* _Task instructions_
Would you print the lines below exactly, beginning at the line that has "Nut-Thumbnail-Rough-Board00279" and stopping after the line that has "Fingernails With Black"? Only those lines, and no pictures.

* _Data to process_
---+---
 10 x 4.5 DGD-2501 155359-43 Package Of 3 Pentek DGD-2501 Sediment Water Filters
---+---
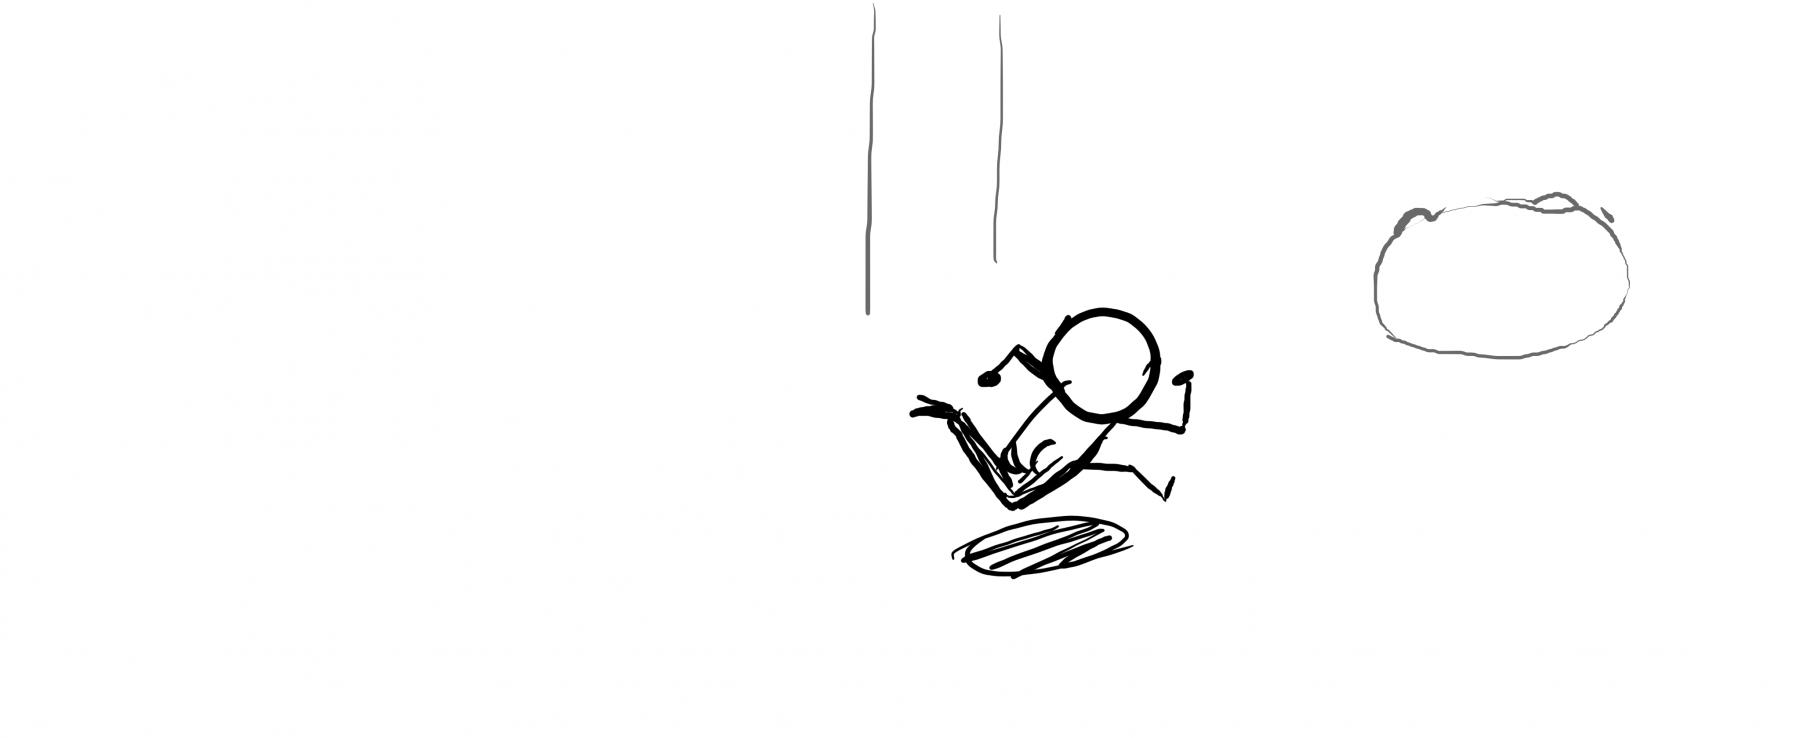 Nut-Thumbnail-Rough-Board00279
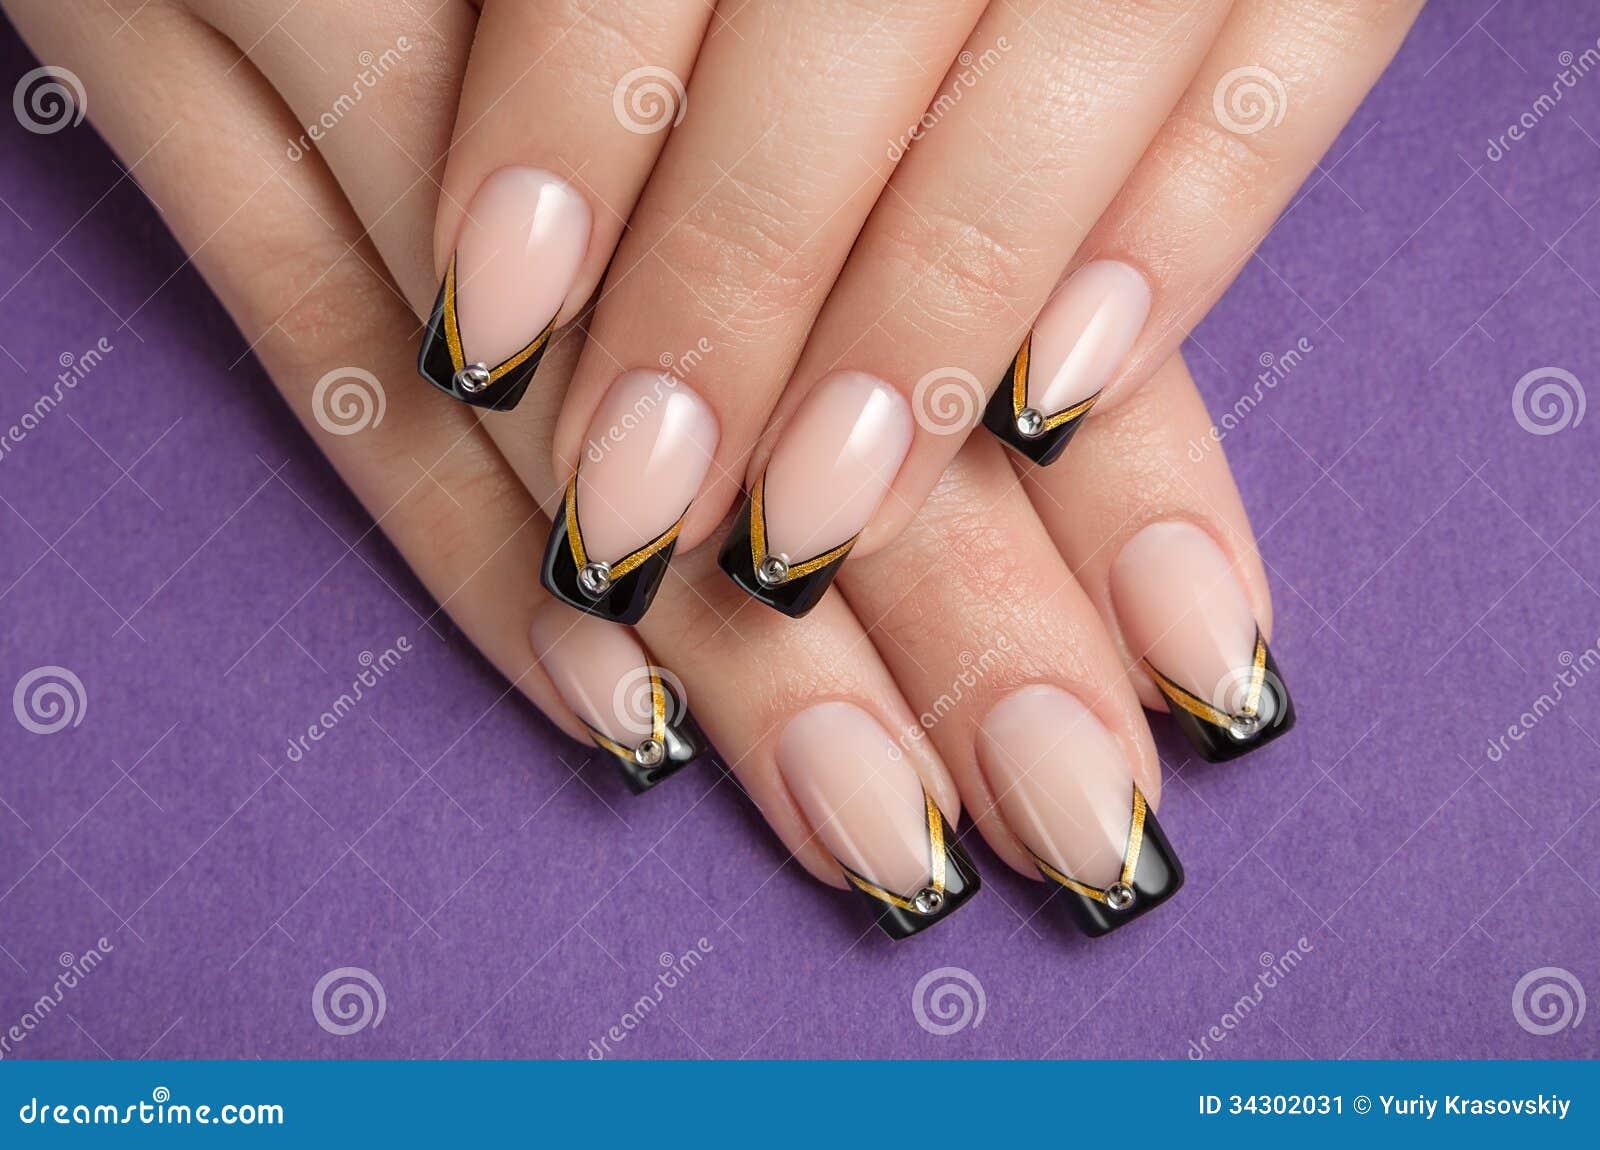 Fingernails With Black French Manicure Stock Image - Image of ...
---+---
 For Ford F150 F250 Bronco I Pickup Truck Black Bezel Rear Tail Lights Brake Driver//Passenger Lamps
---+---
* _Written response_
 Nut-Thumbnail-Rough-Board00279
 Fingernails With Black French Manicure Stock Image - Image of ...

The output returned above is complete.